Mean of the Sampling Distribution

\[ \mu_{\bar{X}} = \mu = 13,525 \]

Standard Error of the Mean

\[ \sigma_{\bar{X}} = \frac{\sigma}{\sqrt{n}} \]

Substitute values:

\[ \sigma_{\bar{X}} = \frac{4,180}{\sqrt{100}} \]

\[ \sigma_{\bar{X}} = 418 \]

Interpretation

This means the sample means will cluster around:

\[ 13,525 \quad \text{with variability (standard error) of} \quad 418. \]

5.3 Key Concepts

  1. Definition: The sampling distribution is the distribution of a statistic (e.g., sample mean) calculated from all possible samples of a fixed size from a population. For example, if we repeatedly sample 50 dolphins from a population and calculate their mean weights, the distribution of these means forms the sampling distribution.

  2. Properties: The mean of the sampling distribution of the sample mean equals the population mean (μx̄ = μ). The standard deviation of the sampling distribution (known as the standard error) is given by σx̄ = σ / √n, where σ is the population standard deviation and n is the sample size.

  3. Central Limit Theorem (CLT): Regardless of the population’s shape, the sampling distribution of the sample mean approaches a normal distribution as the sample size increases (n > 30). This is crucial for making statistical inferences.

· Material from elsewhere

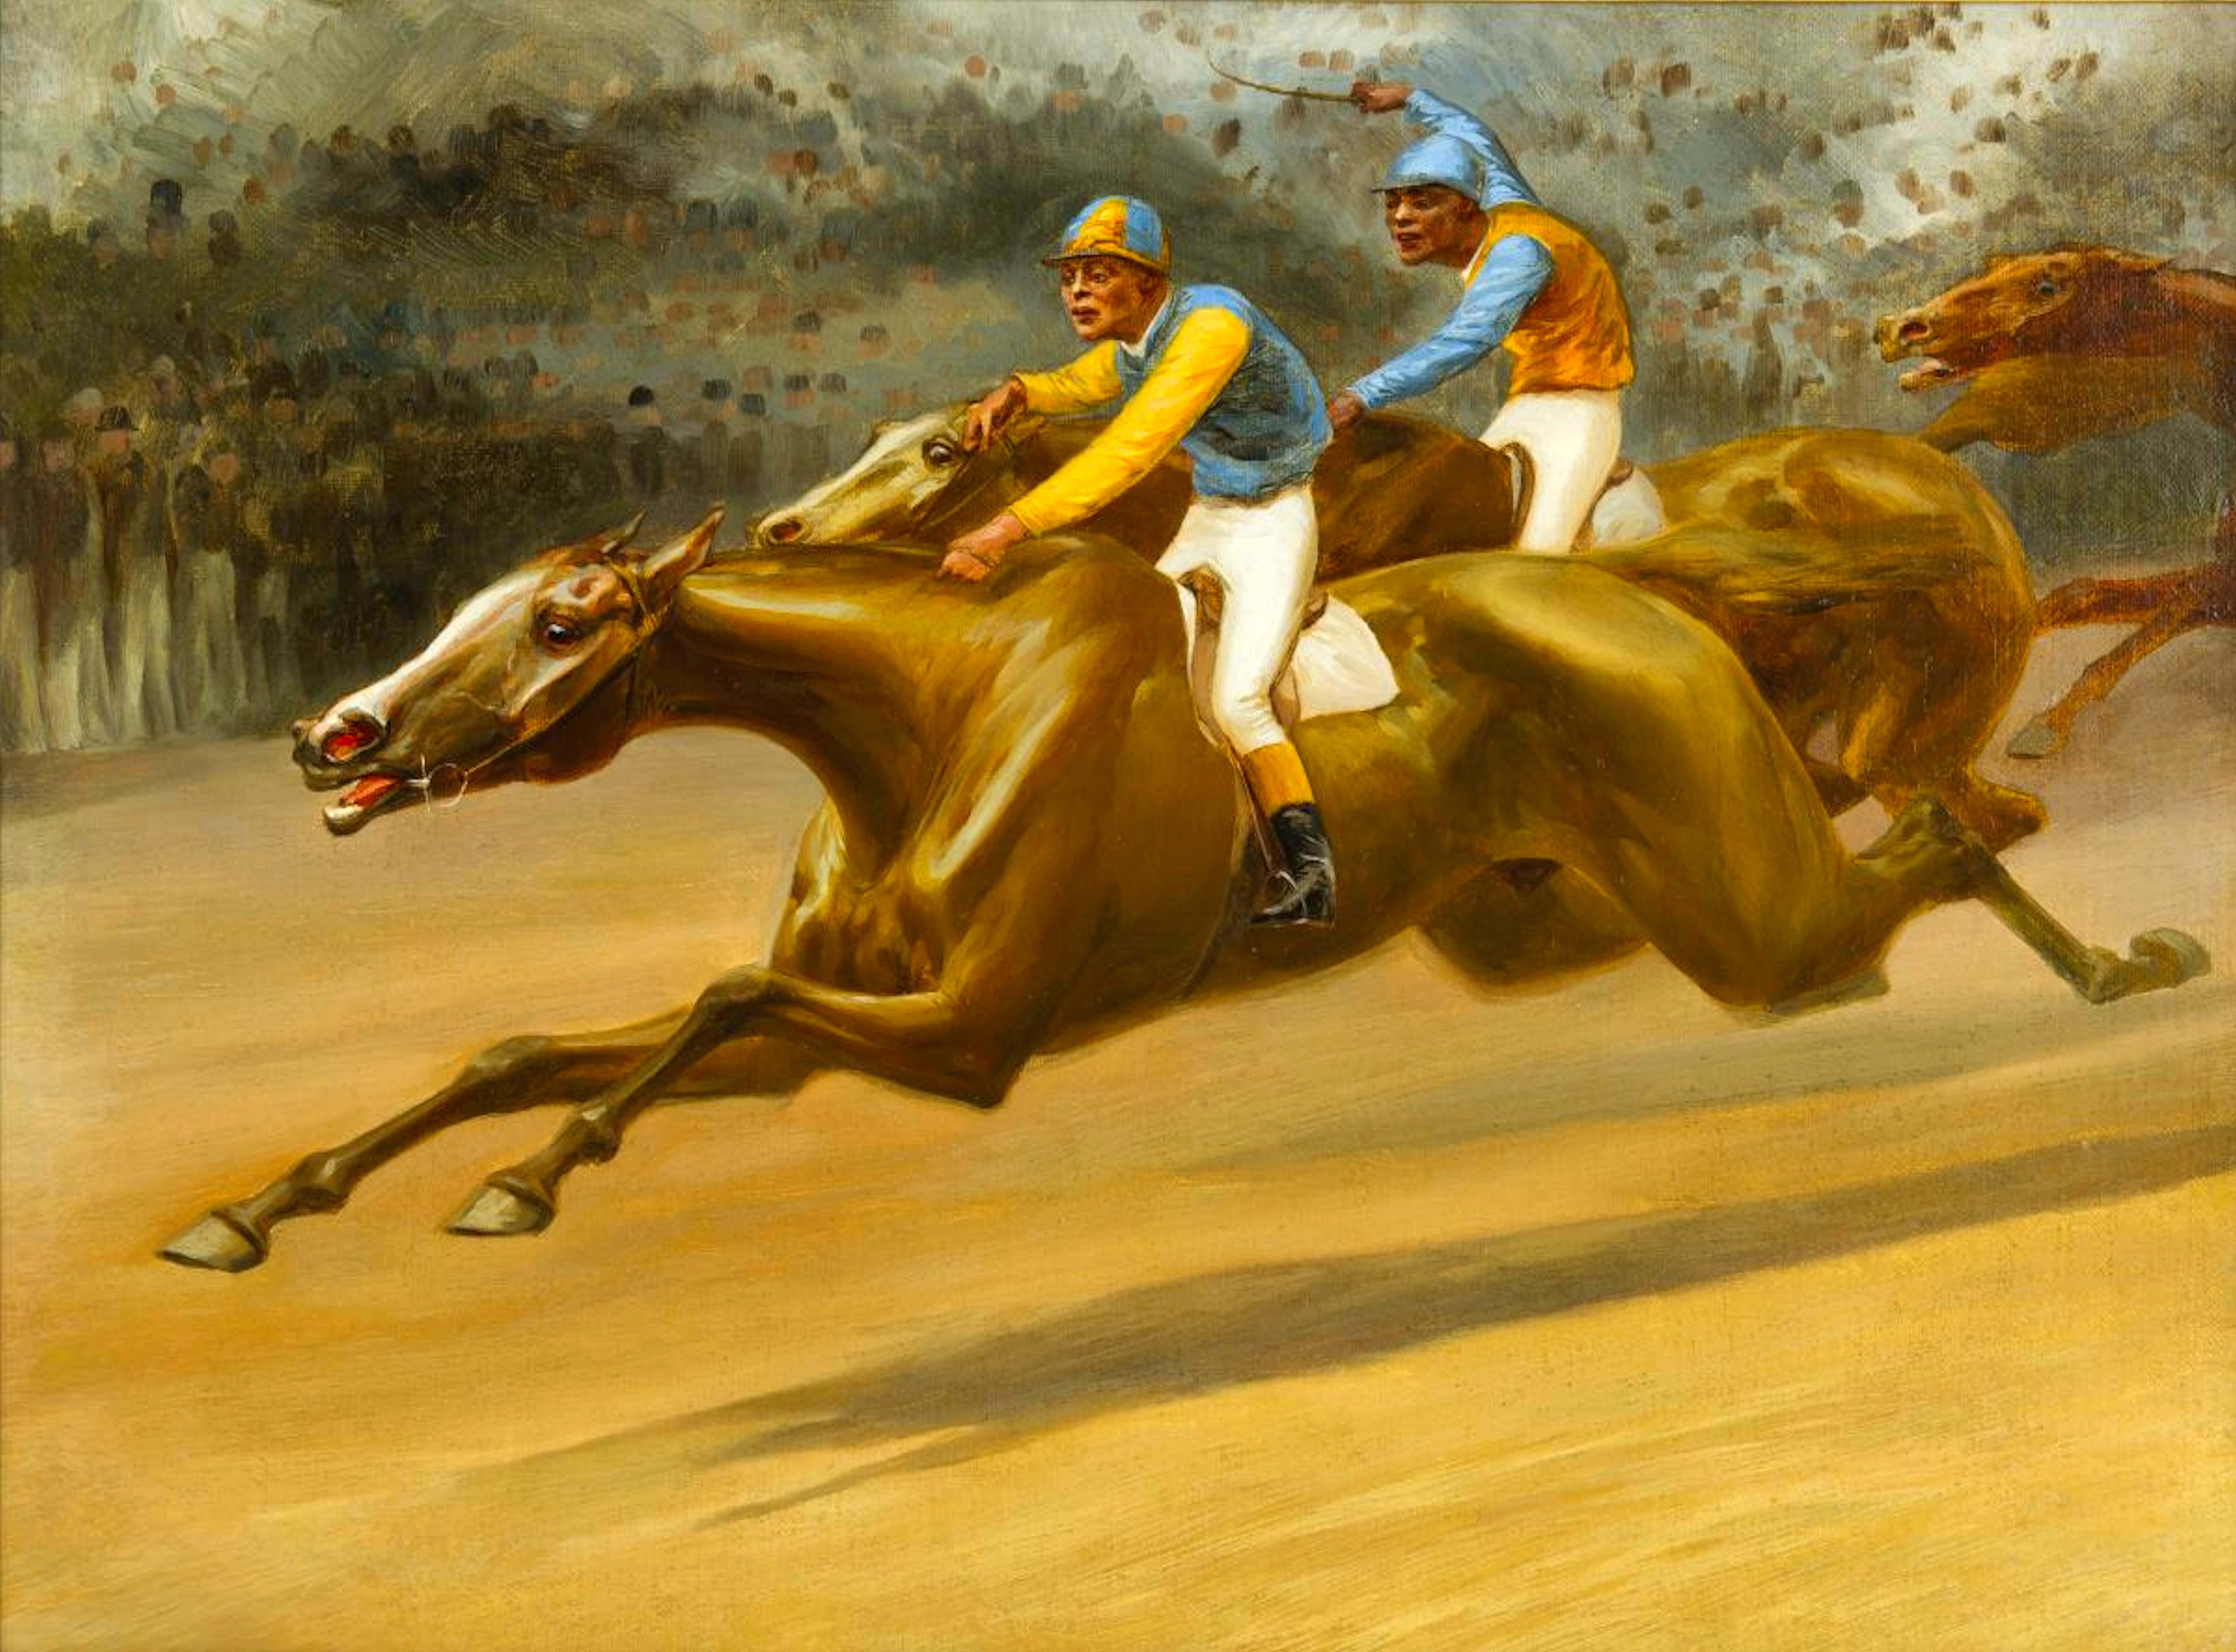 Proctor Knott (The First Futurity, 1888, Jerome Park, Sheepshead Bay, a Close Finish), by Louis Maurer: Proctor Knott with Shelby "Pike" Barnes in front winning the race (National Sporting Library and Museum)

  4. Types of Sampling Distributions: Sampling Distribution of the Mean: Focuses on the means of samples. For example, the average weight of dolphins in repeated samples. Sampling Distribution of the Proportion: Focuses on proportions, such as the percentage of dolphins that are black in repeated samples. T-Distribution: Used when the population standard deviation is unknown or the sample size is small.

5.4 Applications

Sampling distributions are essential for hypothesis testing, constructing confidence intervals, and making predictions about population parameters. For instance, they help determine the likelihood of observing a sample mean under specific conditions, enabling statisticians to draw conclusions about the population.